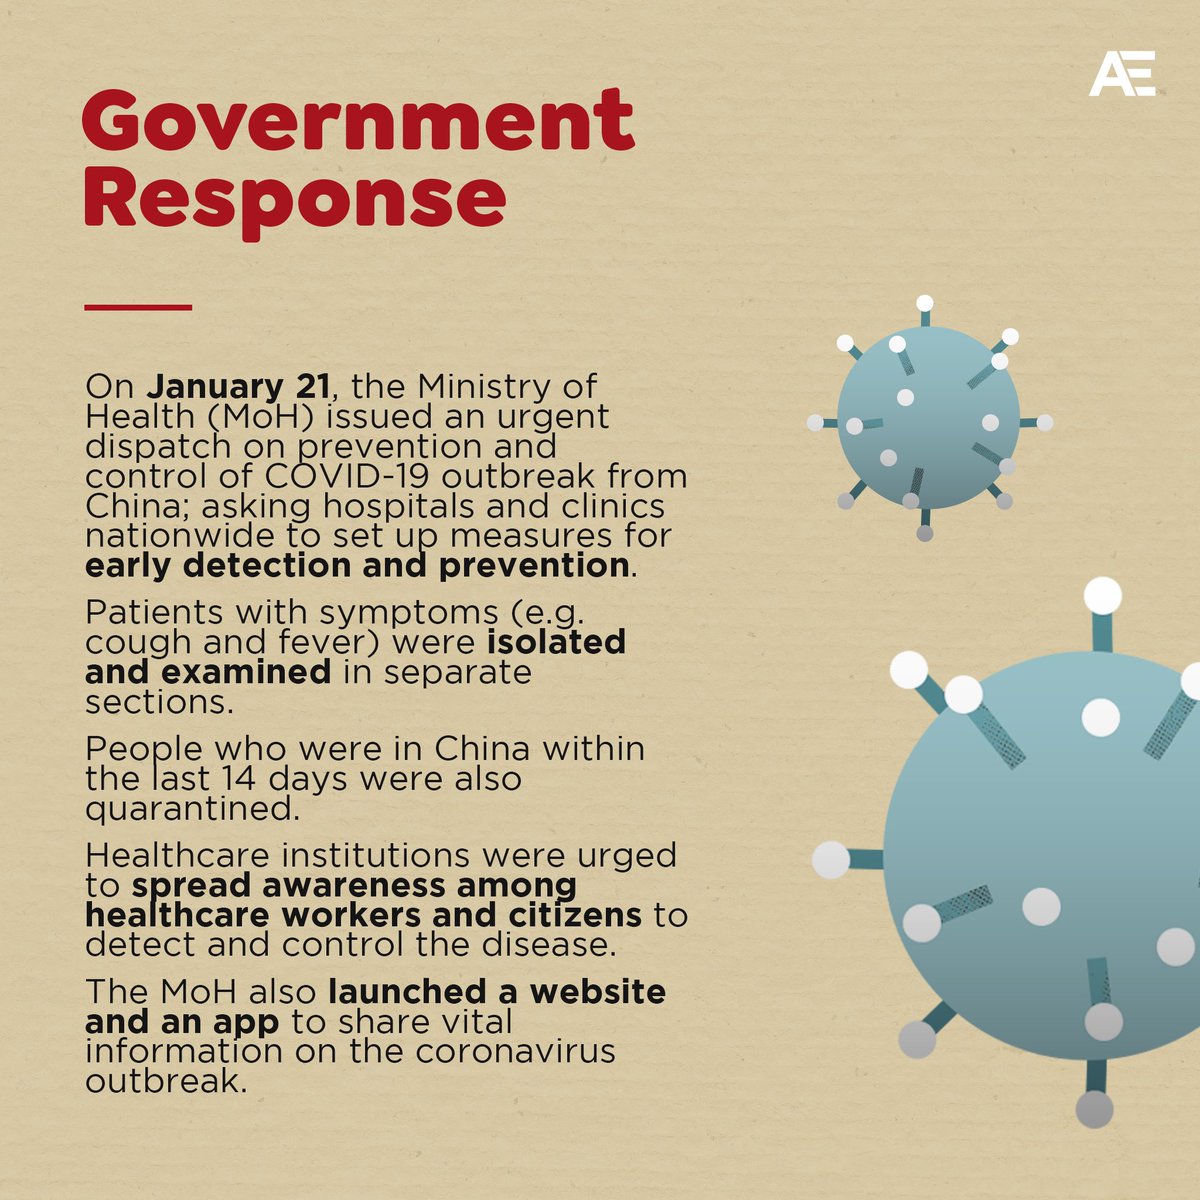 How did the Vietnam government respond to  #COVID19? They RECOGNIZED the threat. They acted immediately. Quarantine measures were implemented right away, especially for people who had travel history to China.The model country certainly did not downplay the virus.
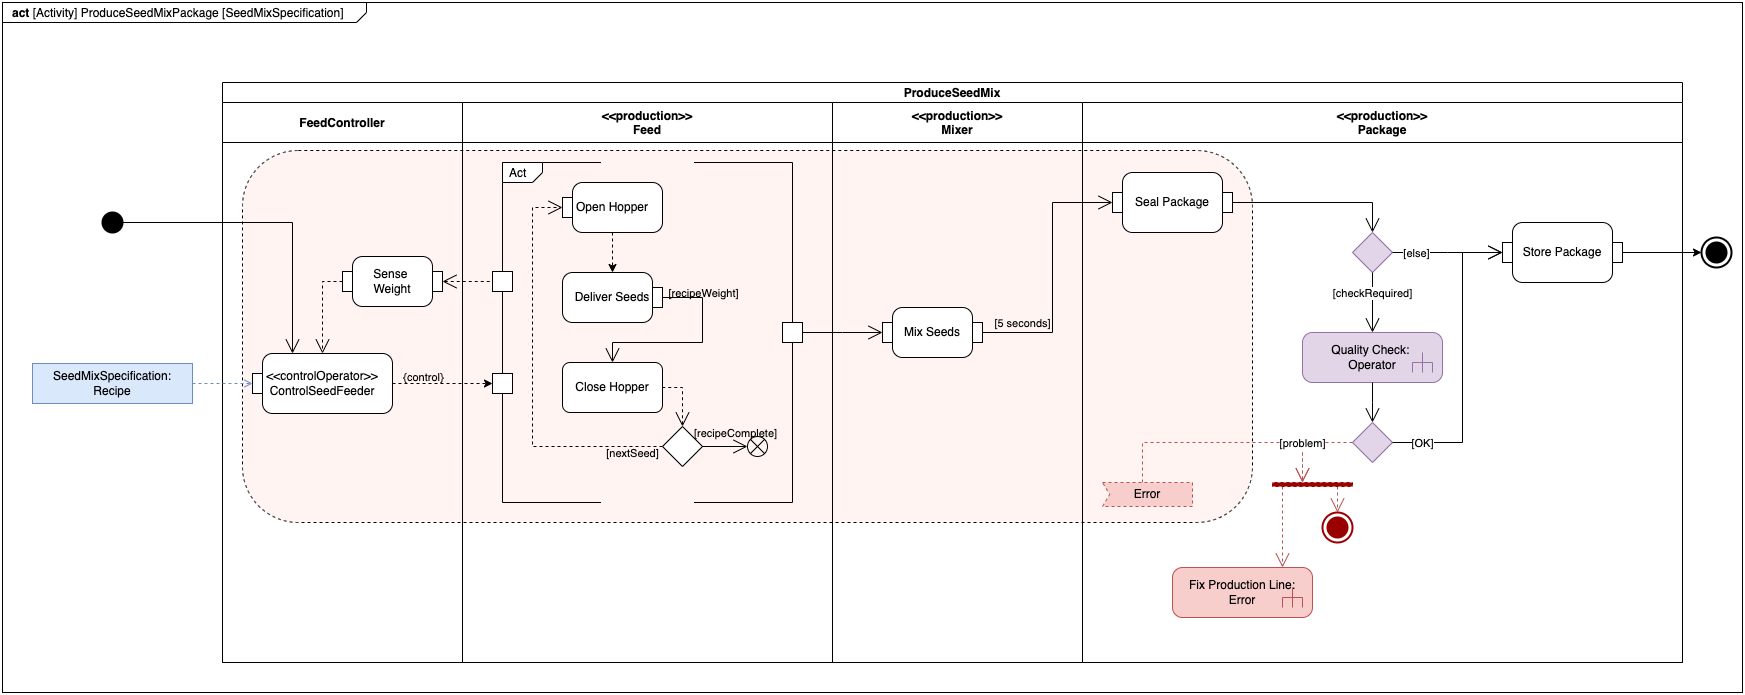 Activity diagrams are used to model workflows in various ways
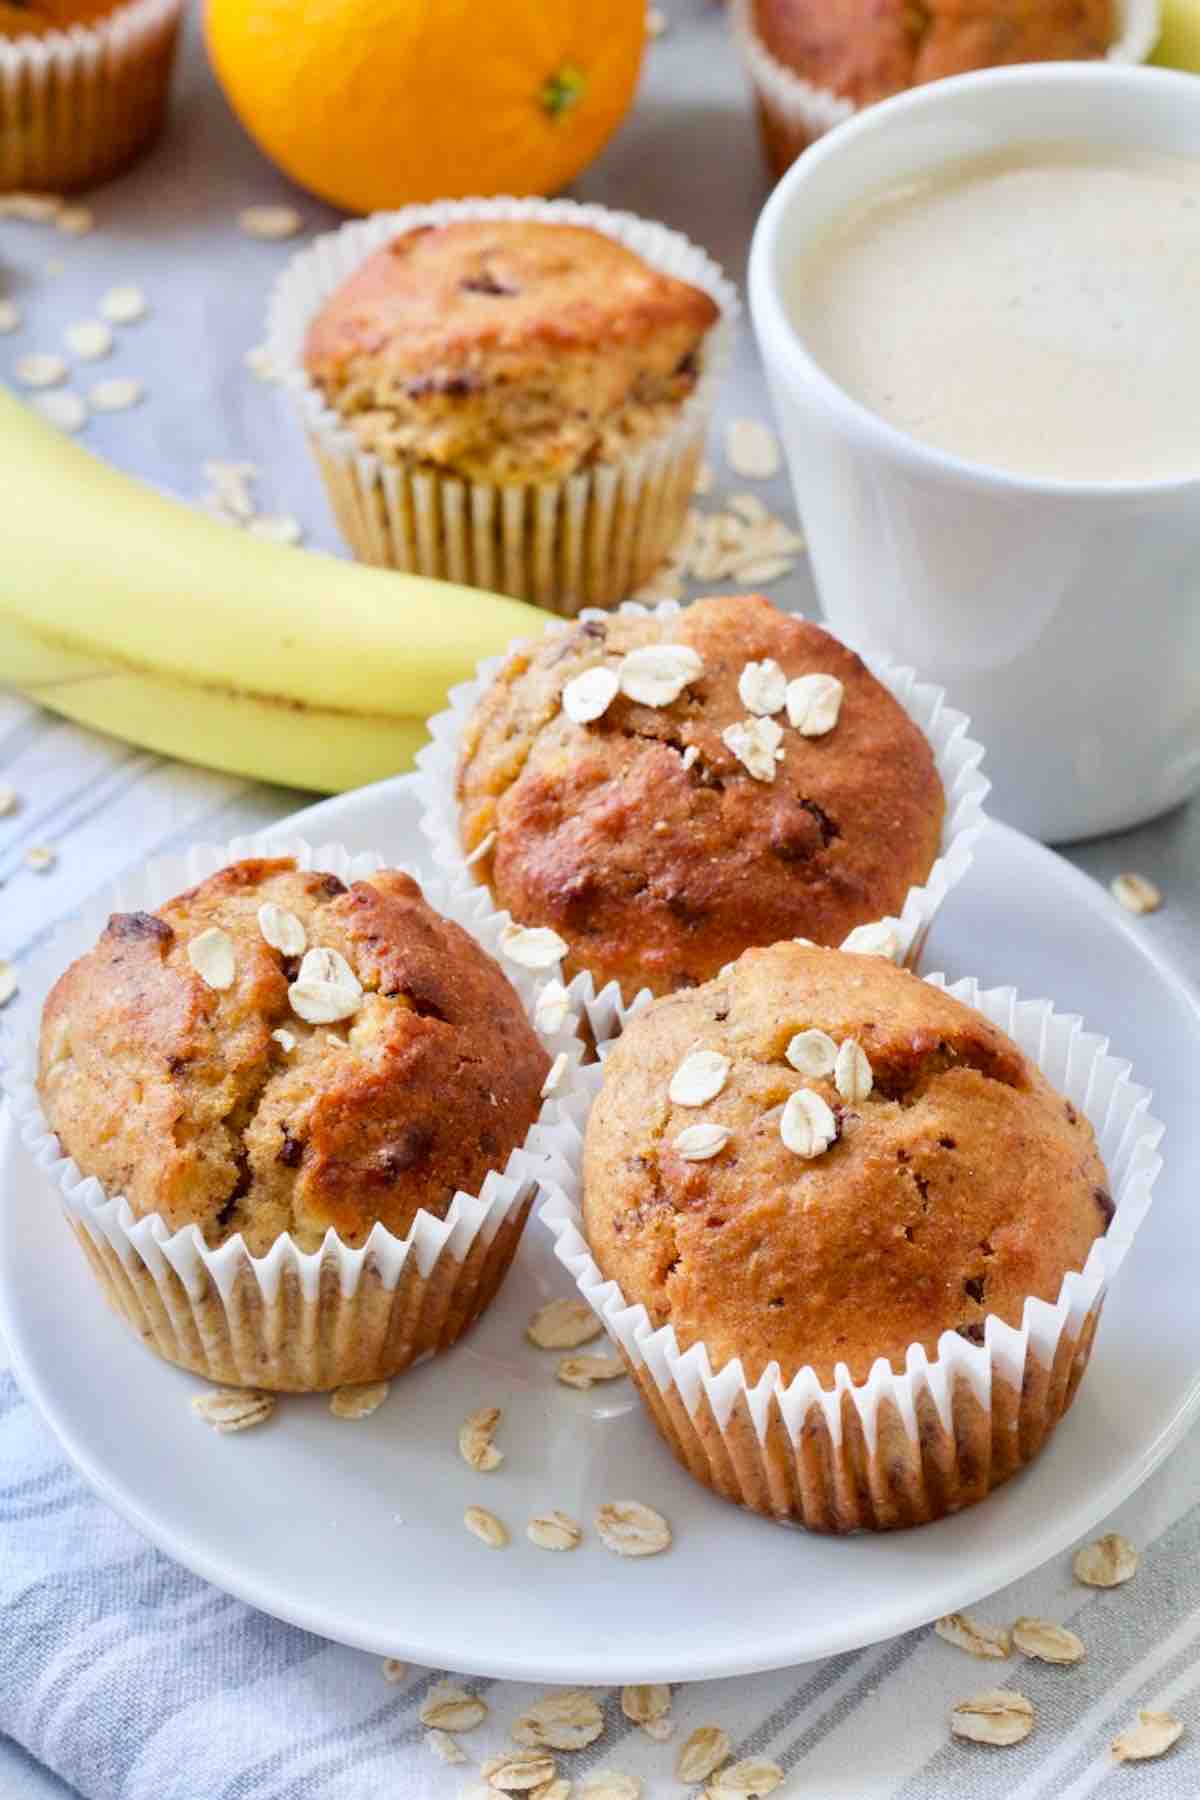 Three vegan banana muffins on a plate with coffee behind.
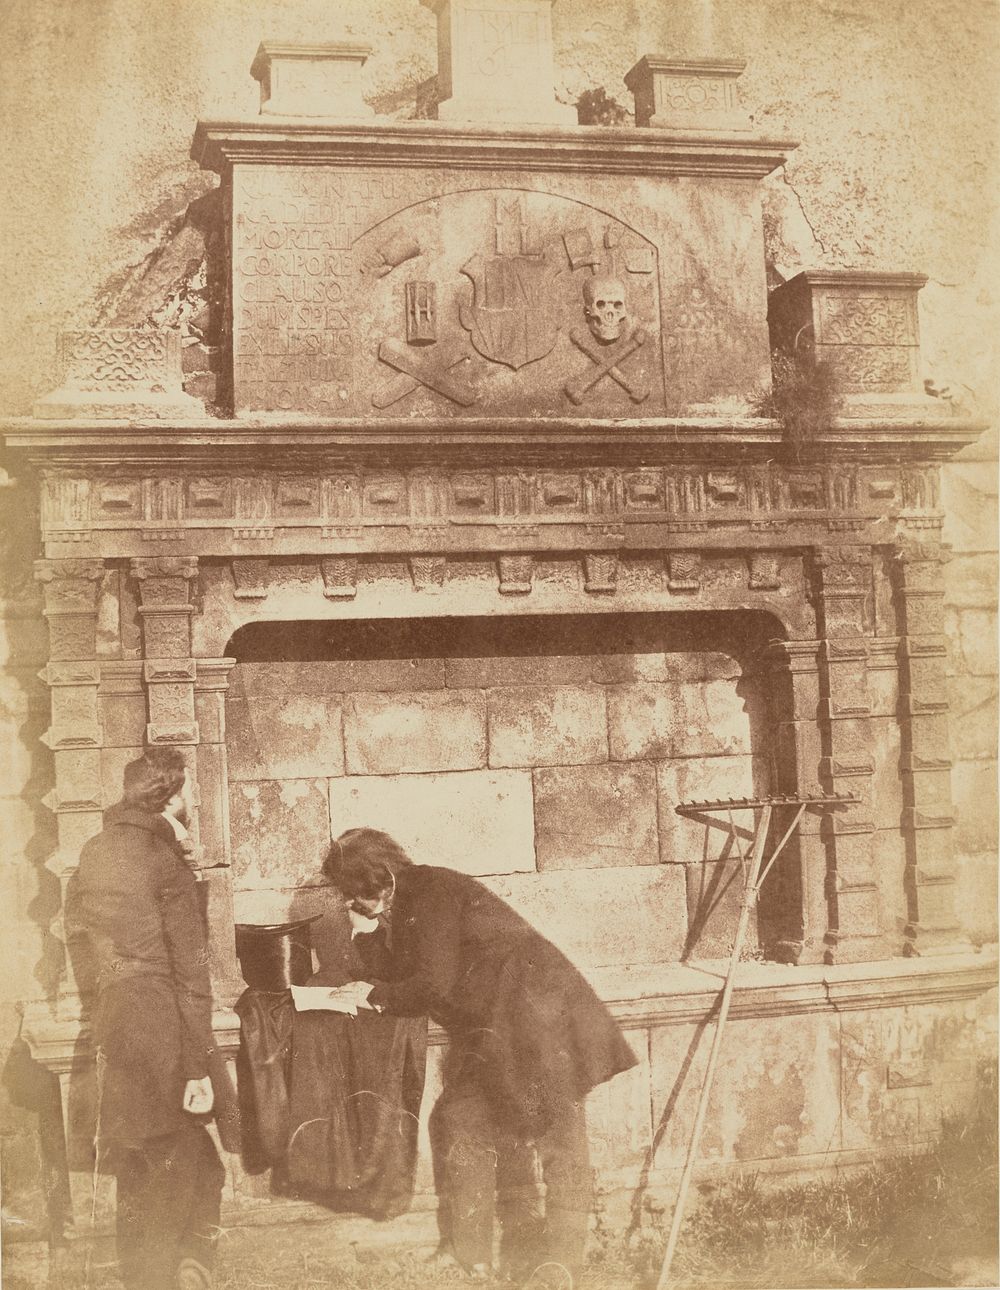 D.O.Hill and a Friend at the Bethune Monument, Greyfriars, Edinburgh by Hill and Adamson
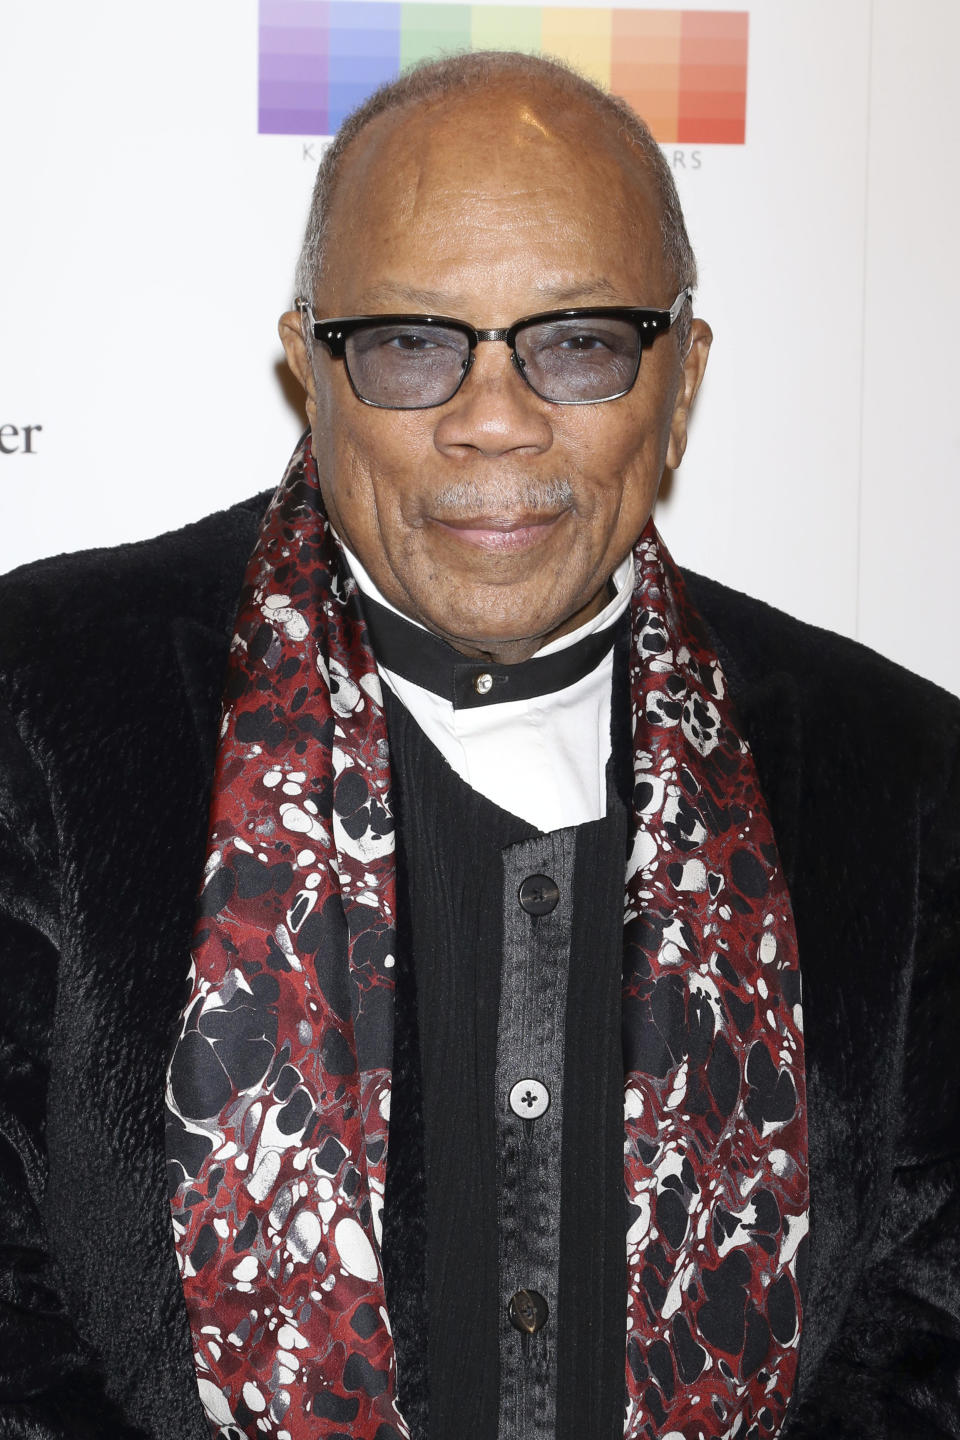 FILE - In this Dec. 3, 2017 file photo, Quincy Jones attends the 40th Annual Kennedy Center Honors at The Kennedy Center Hall of States in Washington. The Recording Academy’s Task Force on Diversity and Inclusion is a launching a new initiative announced Friday, Feb. 1, 2019, to create and expand more opportunities to female music producers and engineers. More than 200 musicians, labels and others have already pledged, including Jones, Lady Gaga, Justin Bieber, Pearl Jam, Pharrell and Ariana Grande. (Photo by Greg Allen/Invision/AP, File)

▸ Exercise: Say again, word for word, every line from the one with "Activity diagrams are" through the last line of the data above, minus the pictures.

▸ Problem solution:
 Activity diagrams are used to model workflows in various ways
 Three vegan banana muffins on a plate with coffee behind.
 D.O.Hill and a Friend at the Bethune Monument, Greyfriars, Edinburgh by Hill and Adamson
 FILE - In this Dec. 3, 2017 file photo, Quincy Jones attends the 40th Annual Kennedy Center Honors at The Kennedy Center Hall of States in Washington. The Recording Academy’s Task Force on Diversity and Inclusion is a launching a new initiative announced Friday, Feb. 1, 2019, to create and expand more opportunities to female music producers and engineers. More than 200 musicians, labels and others have already pledged, including Jones, Lady Gaga, Justin Bieber, Pearl Jam, Pharrell and Ariana Grande. (Photo by Greg Allen/Invision/AP, File)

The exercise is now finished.